WASHINGTON, Sept 13: The US search for Iraqi weapons of mass destruction may end without finding the weapons, the NBC News reported on Saturday.

The Bush administration’s point man for the search, David Kay, is returning to Washington with a status report next week but US intelligence officials told NBC News that he found “no smoking gun.”

“They thought they had discovered a biological weapons lab, but it wasn’t one,” the report said.

“A massive CIA investigation, led by former UN weapon’s inspector Mr Kay, is turning up only what former Iraqi President Saddam Hussein planned not what he produced,” the report added.

“He has not found the kinds of things the administration expected to find — large quantities of biological and chemical weapons or evidence that were destroyed prior to the war,” David Albright, a former UN weapons’ inspector, told NBC News.

US officials told the news channel that Navy divers were beginning to search a reservoir in northern Iraq after reports of barrels at the bottom that could contain chemical weapons or missile parts.

And two former Iraqi officials have told the United States that Iraq was hiding Scud missiles in a railroad tunnel as late as 2002. But they say they were blown up before UN inspectors could find them.

Iraqis have also told the United States that Saddam Hussein planned to rebuild a nuclear programme if sanctions were lifted.

But the CIA’s best evidence so far of nuclear equipment is plans for a centrifuge, buried in a garden 12 years ago after the first Iraq war, the report said.
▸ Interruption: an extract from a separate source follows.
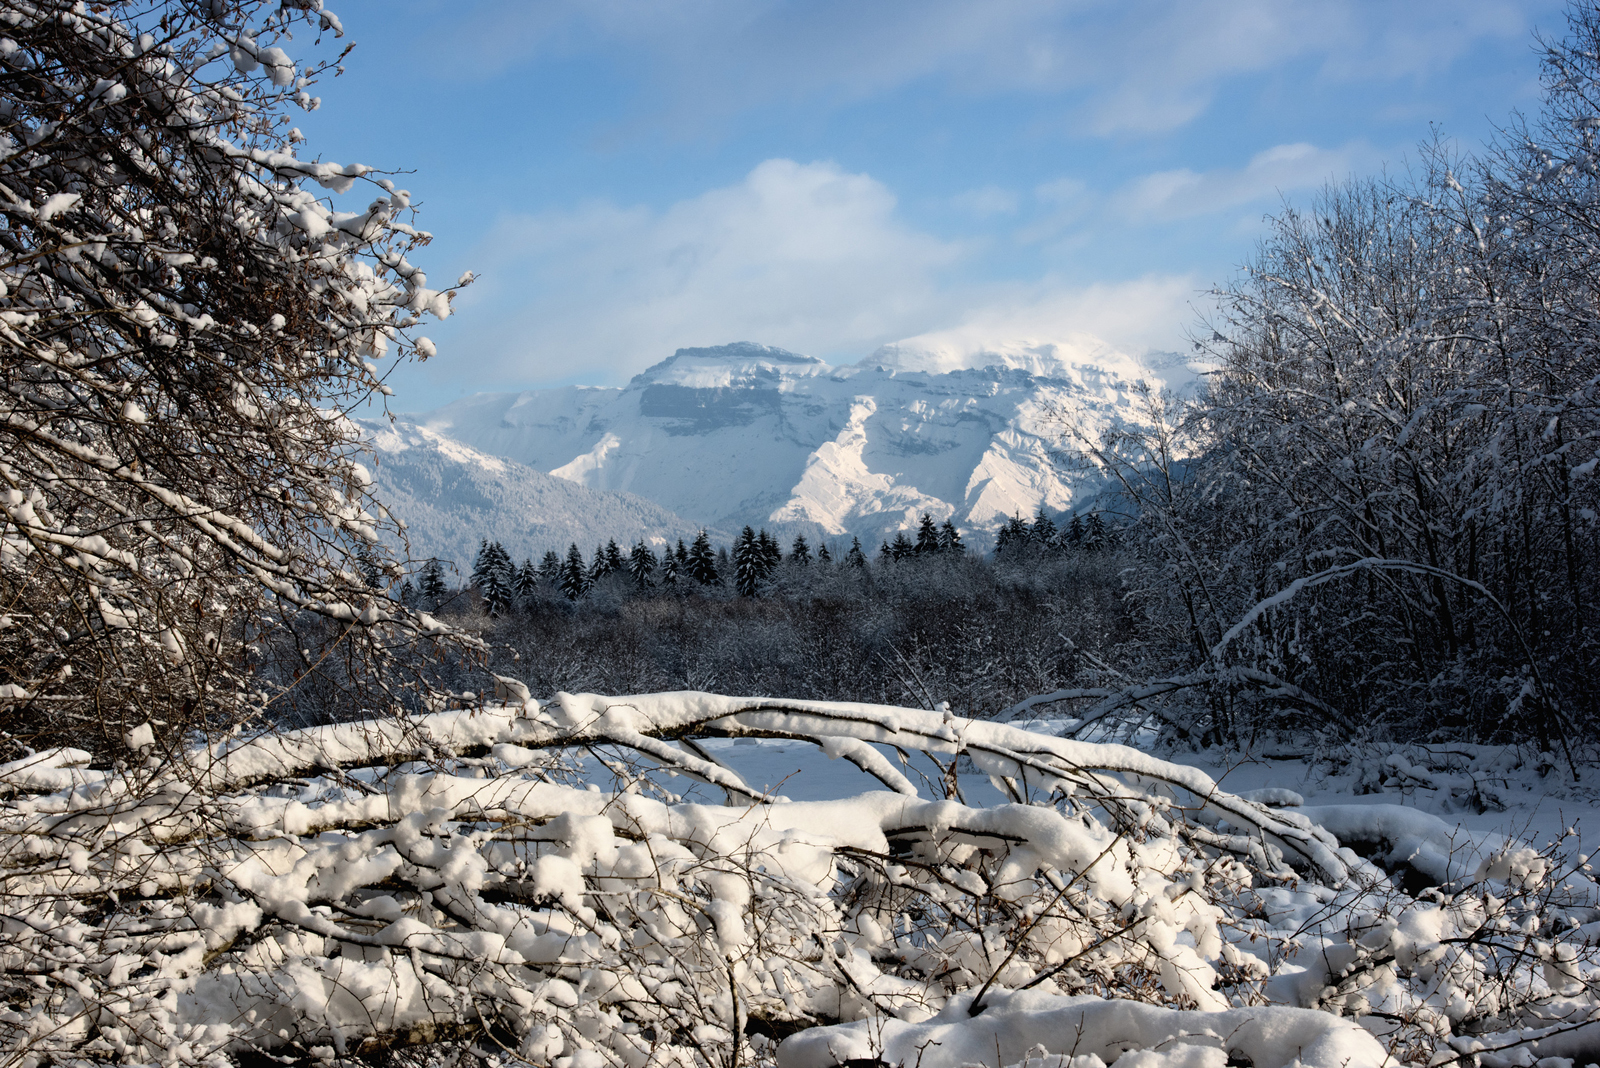 Par temps sec, la neige peut subir une sublimation. © Laurent GLASSON, Flickr, CC by-nc-nd 2.0

“The unmanned planes that the United States said could have been used to spray biological or chemical weapons were never built for that purpose,” the report says, quoting a US Air Force report.

The Director, Intelligence, Surveillance, and Reconnaissance, US Air Force, does not agree that Iraq was developing unmanned planes to be delivery platforms for chemical and biological warfare agents.

The small size of Iraq’s unmanned planes strongly suggests a primary role of reconnaissance, although CBW delivery is an inherent capability,” the director said.